How do we grow the next generation of UX talent?

The Shillington School offers learning through theory and hands-on experience working from briefs under real-world timelines. The founder, Andrew Shillington, observed that it was hard to hire people with all skills necessary to be productive in an ad agency.

“As an employer, Andrew sought to hire talented young graphic design graduates but found it increasingly difficult to find those with high-end computer skills, a practical knowledge of design theory and could meet challenging deadlines. It soon became apparent that students leaving schools and universities were not adequately trained in today’s world of computers and design software. And so Shillington School was born.”

I’ve observed the same situation in the UX field. There’s often a mismatch between academic programs and the demands of employment. As an employer of interaction designers, I’ve had difficulty finding people who have a work-ready skill set right out of school. Most often, it takes a couple years working in a professional environment before someone picks up the necessary combination of design thinking skills, tools use, collaboration and facilitation skills, client interaction and project management, and general knowledge of how the business world works. When evaluating an applicant, I want to see their process and approach as well as finished work. Most junior level jobs only expose someone to pieces of a project, and don’t provide opportunities to experience the end-to-end process of finding insight, creating a concept, constructing a prototype or other artifact and validating that with actual users. It’s even less common that someone’s had that chance to do that work as part of a collaborative balanced team.

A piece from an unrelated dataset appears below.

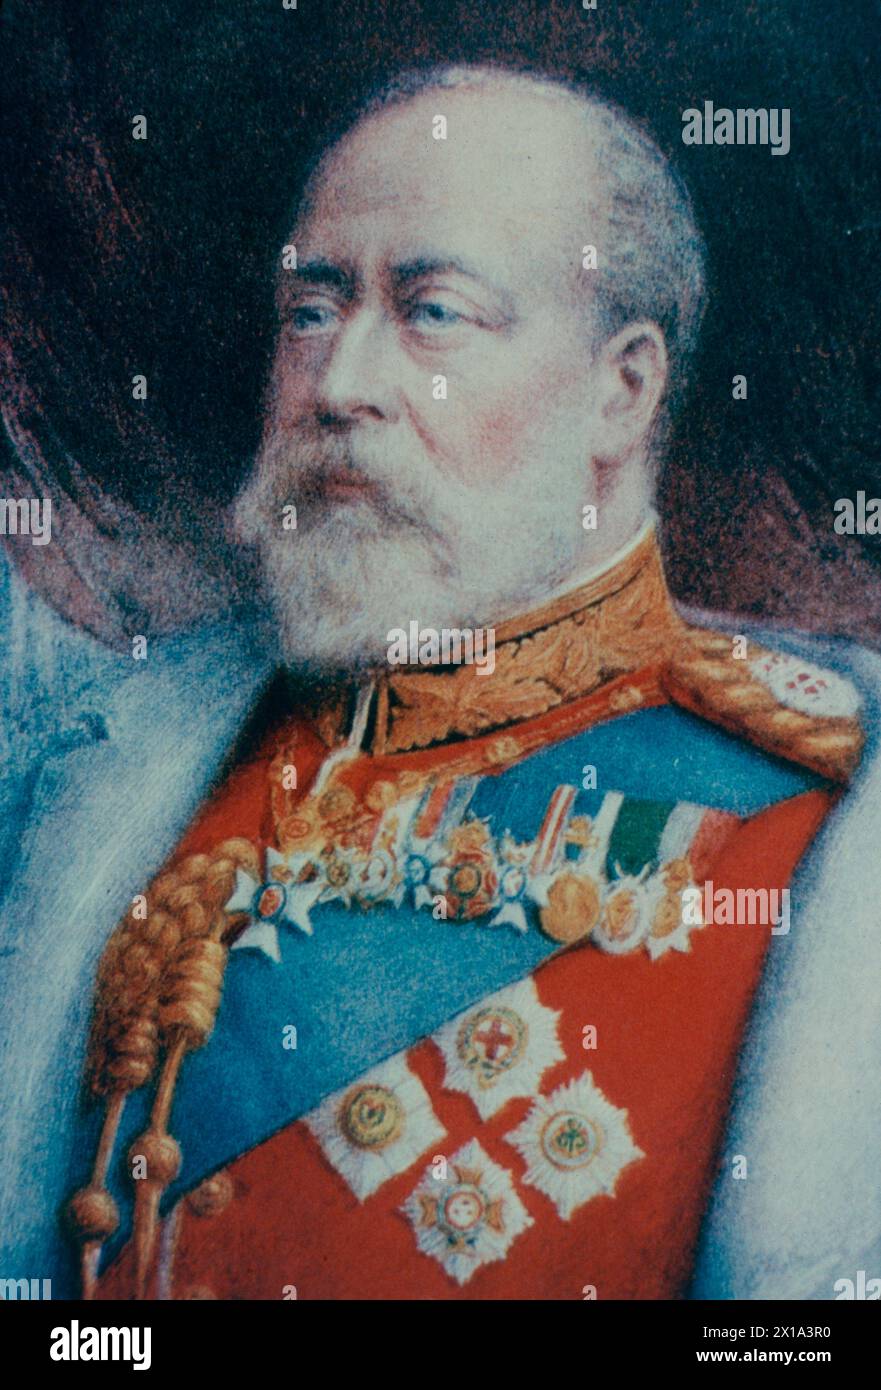 Portrait du roi Édouard VII d'Angleterre, Grande-Bretagne des années 1900 Banque D'Images

How can we create work that’s appropriate for a new interaction designer as they gain the full compliment of skills? In an agency setting, it’s possible to partner a less-experienced designer with a more experienced design partner. I’ve seen this work well, however an agency can only take on a limited number of new people in this way. It doesn’t help the individual practitioner who wants to work in-house, or start his or her own company.

What if we could treat apprenticeship as a form of entrepreneurial exercise? The apprentice creates a portfolio piece that follows an idea from research and concept identification to visualization and validation. With that as a basis, we’d just have to figure out how to extend that individual practice into an ability to participate as a part of cross-functional team. Ideally, we could create cross-functional teams and mentor THEM, but would that still be considered apprenticeship, or an incubator?